As Monday night drew near, my numbness of feeling began to pass off;
thought came into my brain by plunges. Now I desired; now I hoped. I
dressed myself in black silk, and wore a cape of black Chantilly lace.
I made my hair as glossy as possible, drew it down on my face, and put
round my head a band composed of minute sticks of coral. When all was
done, I took the candle and held it above my head and surveyed myself
in the glass. I was very pale. The pupils of my eyes were dilated, as
if I had received some impression that would not pass away. My lips had
the redness of youth; their color was deepened by my paleness.

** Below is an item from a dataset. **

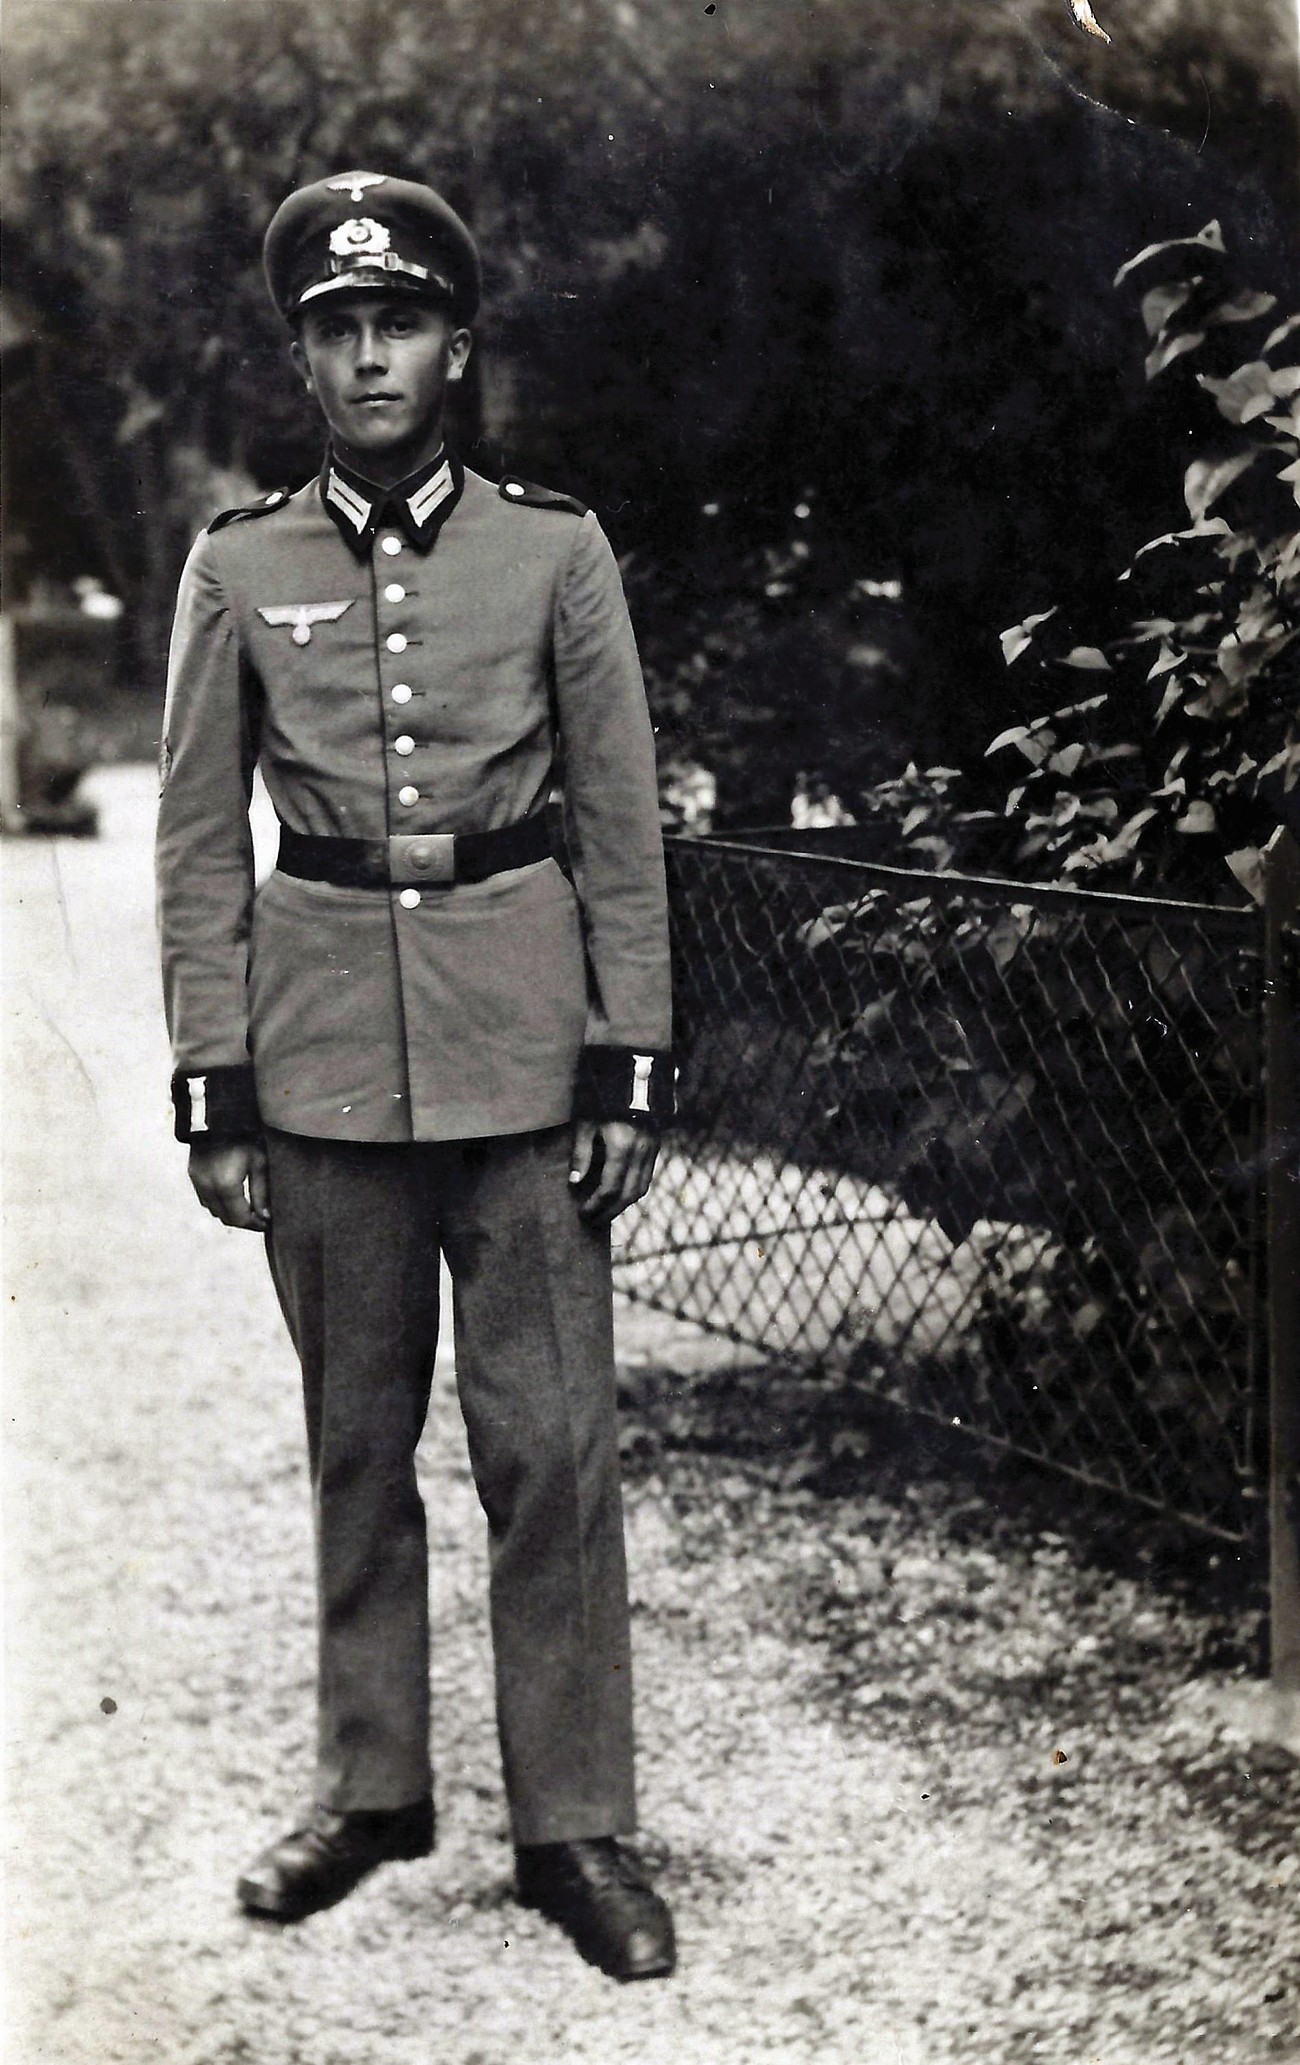 Anton Belcer, rojen leta 1923, spada v skupino prvih vojnih mobilizirancev na Spodnjem Štajerskem, saj ga je prisilni vpoklic v nemško kopensko vojsko (Heer) doletel že julija 1942, ko je okupator pričel z vpoklicem prvega letnika (tj. 1923). V nasprotju s posebno odredbo o pošiljanju tega letnika najprej v delovno službo, šele nato pa v Wehrmacht je bil Anton odposlan direktno na fronto. Boril se je v tankovski lovski enoti na Finskem in Norveškem, kjer so ga zajeli Angleži. V borbah je utrpel hude ozebline nog, zaradi česar so mu morali odrezati 2 prsta na nogi. (Vir: Program prisilno mobiliziranih v nemško vojsko, MNZS, 19. 9. 2017. Objavljeno z dovoljenjem Irene Poharc, ki hrani izvirnik.

"How handsome I am!" I thought, as I set down the candle.

When I entered Laura's parlor, she came toward me and said,--

"Artful creature! you knew well, this warm night, that every girl of us
would wear a light dress; so you wore a black one. How well you
understand such matters! You are very clever; your real sensibility
adds effect to your cleverness. I see how it is. Come into this corner.
Have you got a fan? Good gracious! black, with gold spangles;--where
_do_ you buy your things? I can tell you now," she continued, "my
conversation on the bridge the other day."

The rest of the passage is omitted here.